A biomimetic system to reconstitute and test the actomyosin-dependent mechanosensitive protein complexes

Abstract

Many biological processes are governed by mechanical cues. For example, during migration, cells sense and respond to the mechanical stress of their environment by remodeling their shape, dynamics and adhesion to the extracellular matrix (ECM). Focal adhesions (FAs) sense the force generated by the actomyosin cytoskeleton and respond by recruiting new actin binding proteins ( ABPs). Although up to date several mechanosensitive path­ways have been identified, the biochemical characterization of the individual mechanosensitive proteins is currently limited by the available techniques.

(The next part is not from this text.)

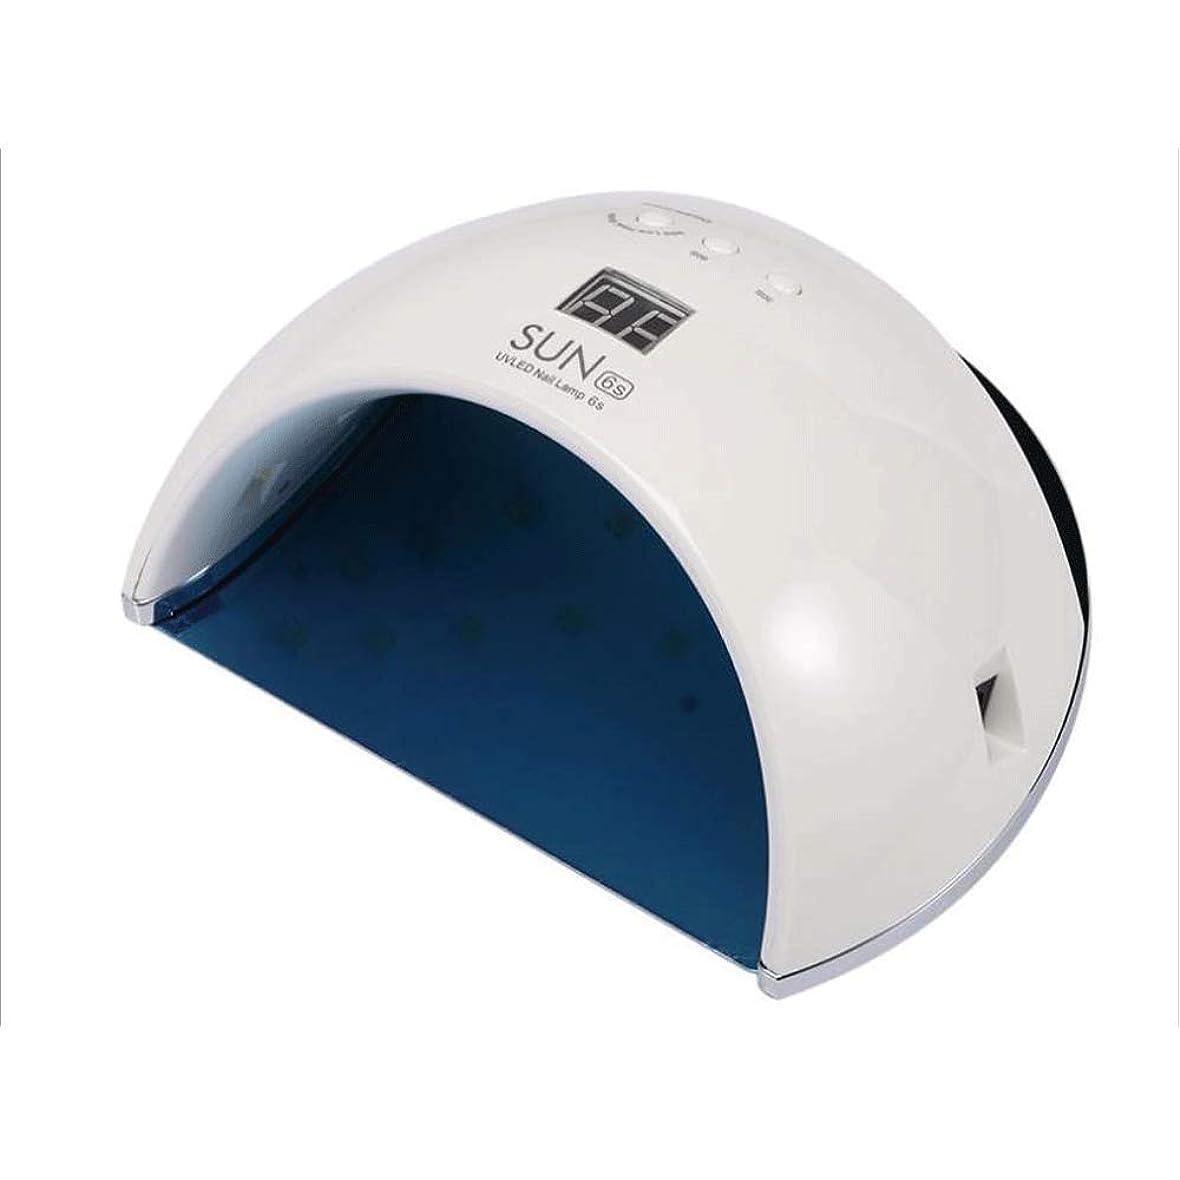 聖書ピケベスビオ山ネイル光線療法機 ネイルドライヤー - LEDネイルライトUVゲルネイルドライヤー自動センサー硬化ライトジェル研磨用 (色 : 白)

We developed a microscopy assay, with the ABP talin immobilized in 5-μm-diameter discs, regularly spaced by 35 μm and micropatterned on a glass coverslip. The self-organized actomyosin network exerts force on ABP and in response talin reveals cryptic vinculin-binding sites (VBSs). Finally, we observed that the activation of vinculin by talin induces a positive feedback that strengthens the actin-talin-vinculin association. This biomimetic system and the activity of the fluorescent proteins are visualized by total internal refection fluorescence (TIRF) microscopy. This technique can be used to study the ABPs that sense and respond to the mechanical force generated by the actomyosin cytoskeleton in a variety of physiological and pathological processes or for screening pharmacological inhibitors of mechanosensitive protein interactions.